The World Health Organization (WHO) is urging countries to expand access to rapid molecular tests to detect TB and drug-resistant TB in consolidated guidelines released today. There are guidelines for national TB programs, ministries of health and technical partners, along with an operational manual to facilitate rapid implementation and rapid molecular trials.
"It is recommended to use rapid molecular assays as initial tests for diagnosis of TB rather than spit smear microscopy because they have high diagnostic accuracy and are large in the early detection of TB and drug-resistant TB. Will lead the reform, ”Dr. Said Teza Kaseva, director of WHO's Global TB Program. “We now need to ensure universal access to these rapid molecular tests. This will have a positive effect on reducing transmission and enabling faster access to accurate life-saving treatment that will lead to better outcomes for those affected. "

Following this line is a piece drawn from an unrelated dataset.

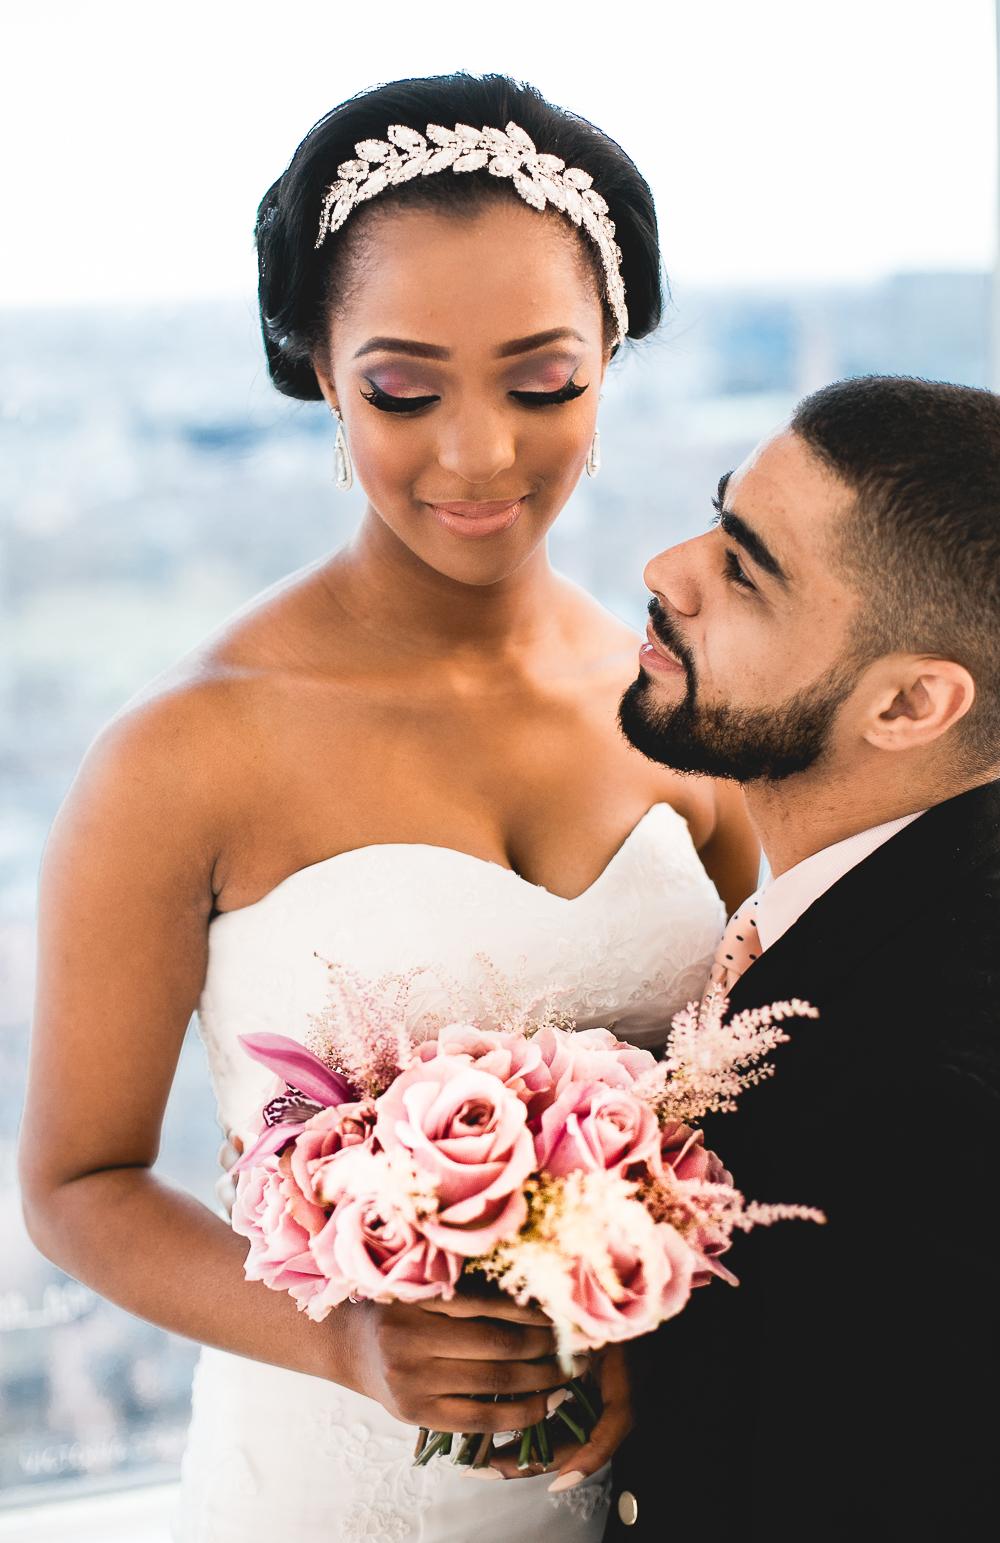 Wedding Photography at Altitude 360 London - Beatrici Photography-47.jpg

The consolidated guidelines and associated operational manual recommend major updates to the approach to the diagnosis of TB:
- use of Xpert MTB / RIF Assay, Xpert Ultra Assay and Trinetra Assay In form of Preliminary tests to diagnose pulmonary TB and detect rifampicin resistance. This smear replaces microscopy and culture.
- use of Xpert MTB / RIF Assay and Xpert Ultra Assay For better diagnosis of TB and rifampicin resistance children, In specific specimens such as sputum, feces, nasopharyngeal and gastric specimens
- use of Xpert MTB / RIF Assay and Xpert Ultra Assay For better diagnosis of TB and rifampicin resistance in a wide range of patients Additional TB.
The Xpert MTB Rif assay has been used worldwide since 2010, while the Xpert Ultra assay and the Truenat assay are new techniques.
The above guidelines were indicated in January 2020 via Rapid Communication from WHO prior to publication of the updated guidelines. The aim was to help national TB programs and other stakeholders plan and prepare in advance for the rapid transition to new diagnostic tools at the country level.
Globally, the diagnosis of TB and drug-resistant TB is a challenge with one-third of people with TB and two-thirds of those with drug-resistant TB remaining undetected. Rapid efforts to diagnose TB and drug-resistance are necessary to end the global TB pandemic and to achieve the goals of the Political Declaration of the United Nations High Level Meeting, WHO & TB Strategy, UN Sustainable Development Goals, Universal Health Triple Arab goals of coverage and general program of work of WHO.